A powerful tool to collect and structure detailed information about Y Combinator founders in a clean, searchable format. It helps users quickly discover founder profiles, company associations, and industry backgrounds from one of the world’s most influential startup ecosystems.
Designed for accuracy and flexibility, this project enables filtered access to founder data for research, analysis, and business intelligence use cases.
Created by Bitbash, built to showcase our approach to Scraping and Automation!
If you are looking for y-combinator-founders you've just found your team — Let’s Chat. 👆👆
This project retrieves structured founder profiles associated with Y Combinator and outputs them as a clean dataset. It solves the problem of fragmented founder information by centralizing key identity, company, and industry details. It is ideal for researchers, investors, analysts, and startup ecosystem builders.

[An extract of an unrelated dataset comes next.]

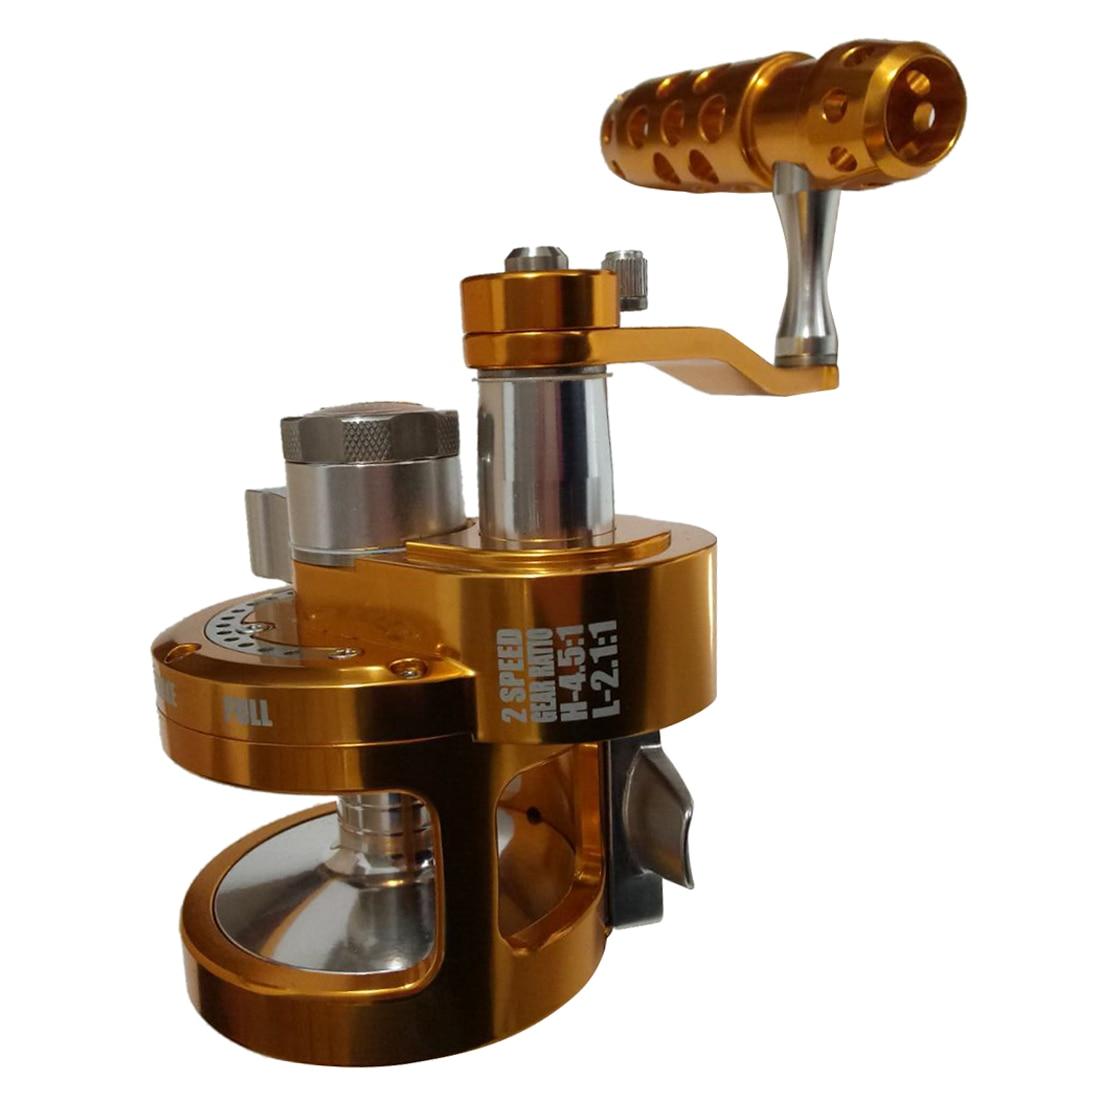 BMDT-Full Metal Reel Double Speed Trolling Fishing Reel 30kgs Power Drag Deep Sea Saltwater Boat Reel SYD70 4.5:1 2.1:1 left

- Collects individual founder profiles with rich metadata
- Supports flexible filtering by name and company
- Outputs normalized, analysis-ready data
- Suitable for automation, research, and analytics workflows
| Feature | Description |
|---|---|
| Founder Filtering | Filter founders by first name, last name, or company name. |
| Limit Control | Restrict the number of returned founder profiles. |
| Rich Profiles | Includes names, companies, industries, batches, and tags. |
| Structured Output | Returns clean, consistent records ready for analysis. |
| Scalable Design | Handles small queries as well as large founder datasets. |
| Field Name | Field Description |
|---|---|
| id | Unique identifier of the founder. |
| firstName | Founder’s first name. |
| lastName | Founder’s last name. |
| fullName | Combined full name of the founder. |
| currentCompany | Current company affiliation, if available. |
| hackerNewsId | Associated Hacker News username. |
| avatarThumb | URL to the founder’s profile image. |
| currentTitle | Current professional title, if available. |
| companySlug | Identifier for the founder’s primary company. |
| topCompany | Indicates association with a top-ranked company. |
| allCompaniesText | Text list of all associated companies. |
| industries | List of industries the founder has worked in. |
| parentIndustries | High-level industry categories. |
| subIndustries | Detailed industry classifications. |
| currentRegion | Geographic region of activity. |
| titles | Historical or current titles held. |
| batches | Y Combinator batch participation. |
| tags | Metadata tags associated with the profile. |
[
{
"id": 585,
"firstName": "Sam",
"lastName": "Altman",
"fullName": "Sam Altman",
"currentCompany": null,
"hackerNewsId": "sama",
"avatarThumb": "https://bookface-images.s3.amazonaws.com/avatars/53d3aaf413bcd879484bbe18904199aeddfbaa1d.jpg",
"currentTitle": null,
"companySlug": "loopt",
"topCompany": false,
"allCompaniesText": "Y Combinator, Loopt",
"industries": ["Consumer", "Social"],
"parentIndustries": ["Consumer"],
"subIndustries": ["Consumer -> Social"],
"currentRegion": "Unspecified",
"titles": [],
"batches": ["S05"],
"tags": ["ycdc_public"]
}
]
🎉 Y Combinator Founders/
├── src/
│ ├── main.py
│ ├── filters/
│ │ ├── name_filter.py
│ │ └── company_filter.py
│ ├── models/
│ │ └── founder.py
│ ├── utils/
│ │ └── validators.py
│ └── output/
│ └── dataset_writer.py
├── data/
│ ├── sample_input.json
│ └── sample_output.json
├── requirements.txt
└── README.md
- Startup investors use it to identify founders and analyze their industry backgrounds for deal sourcing.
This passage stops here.